For Redshift, it is recommended to use the UNLOAD extraction strategy. The main idea behind this is:

Large query results are written directly to an S3 Bucket instead of being downloaded to the machine in which the Worker is running.
On Snowflake side, an External Stage is set up to reference the corresponding S3 Bucket, so that COPY INTO statements can be done directly from that stage.

See the Extraction Strategy section for configuration details.

Incremental Synchronization

It is possible to migrate some tables and then re-migrate them in the future, moving only the data that has changed. See the Synchronization Strategies section for the available strategies and their configuration.

Considerations and Recommendations

Connecting to Snowflake with a PAT

It is recommended to use Programmatic Access Tokens for connections used by the Orchestrator and Workers. This ensures there won't be a need to constantly authenticate through the browser or with an Authenticator app. You will need to establish a Network Policy or temporarily bypass the requirement for a Network Policy (this can be done from Snowsight).
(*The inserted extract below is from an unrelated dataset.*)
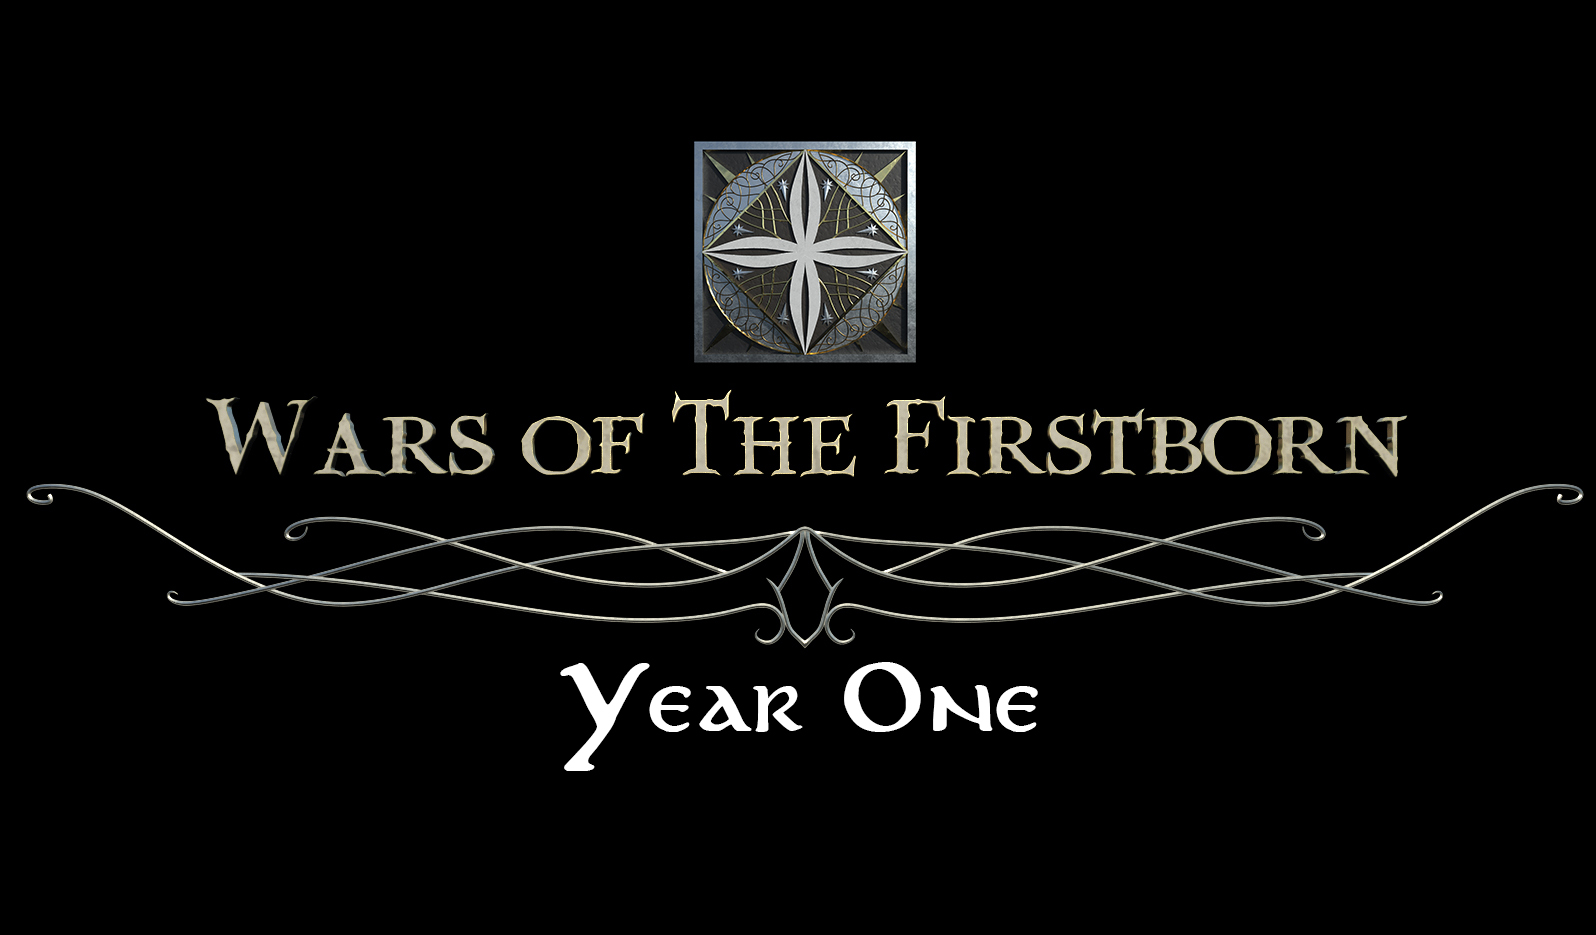 Wars of the Firstborn: Year One news - ModDB

Running Orchestrator and/or Workers on SPCS

If you want to leverage Snowflake compute for these tasks, you can:

Prepare Docker images that use the Python modules and have the appropriate configuration.
Push those Docker images to an Image Repository in Snowflake.
Execute the Orchestrator and/or Worker(s) images using Snowpark Container Services.

Some considerations:

It is recommended to execute them as Services, not Jobs.
It is possible to run only one component (Orchestrator or Workers) in SPCS and the other on another platform.
It is a good practice to monitor the SPCS service and suspend it when it is not being used.
Depending on the network configuration of the Source System, you might need to configure an External Access Integration so that these services can connect to your Source System.

Initial Testing

It is recommended to deploy the DDL for the tables you want to migrate before starting data migration. This ensures the target types match the behavior you want in those tables and their related views/procedures. Converting the DDL from your source dialect into Snowflake SQL can be done through the Code Conversion capabilities of SnowConvert AI and/or Cortex Code. If you don't deploy the DDL before starting data migration, the types will be inferred and might not be as accurate as desired.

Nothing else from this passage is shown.